A Signal Separation Method Based on Instantaneous Frequency Embedded Continuous Wavelet Transform and Short-Time Fourier Transform
Abstract
Modeling a non-stationary, multicomponent signal as a superposition of frequency components, each with a well-defined instantaneous frequency (IF), is crucial for extracting information, such as the underlying dynamics hidden within the signal. The synchrosqueezing transform (SST) has emerged as an alternative to empirical mode decomposition (EMD) for separating non-stationary signals. However, because the SST estimates the IFs of all frequency components based on a single phase transformation, its accuracy can be limited. To address this, SST variants based on the IF-embedded short-time Fourier transform (IFE-STFT) and the IF-embedded continuous wavelet transform (IFE-CWT) were developed.
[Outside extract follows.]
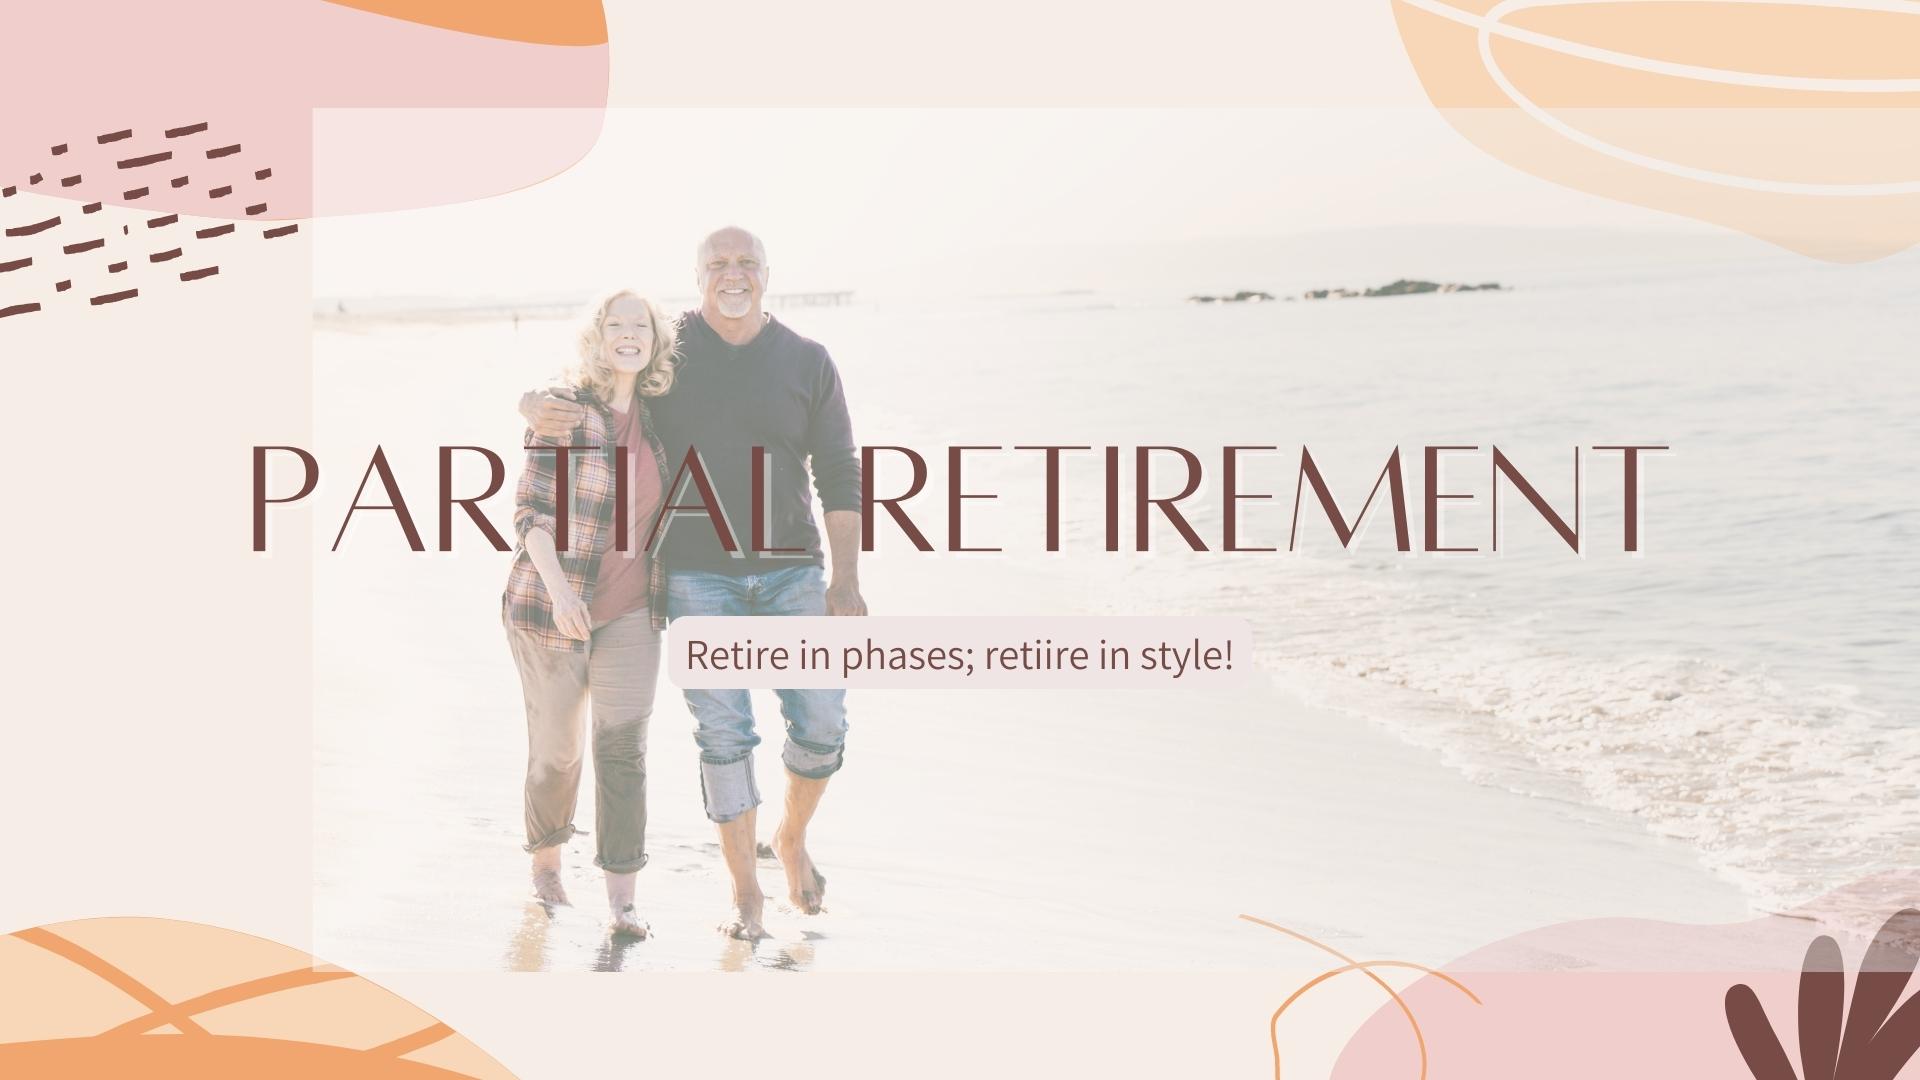 Partial Retirement: Retire in Phases, Retire in Style

More recently, a direct time-frequency method called the signal separation operation (SSO) was introduced for multicomponent signal separation. SSO bypasses the second step of the two-step SST method for component recovery and is based on variants of the STFT or CWT. In this paper, we propose a direct signal separation method by combining the SSO method with IFE-CWT and IFE-STFT, creating the IFE-CWT-based SSO (IWSSO) and the IFE-STFT-based SSO (IFSSO). Both IWSSO and IFSSO directly separate multicomponent signals without the squeezing operation inherent in SST. Our algorithms and techniques yield more accurate instantaneous frequency estimates and signal separation than conventional SSO or SST methods.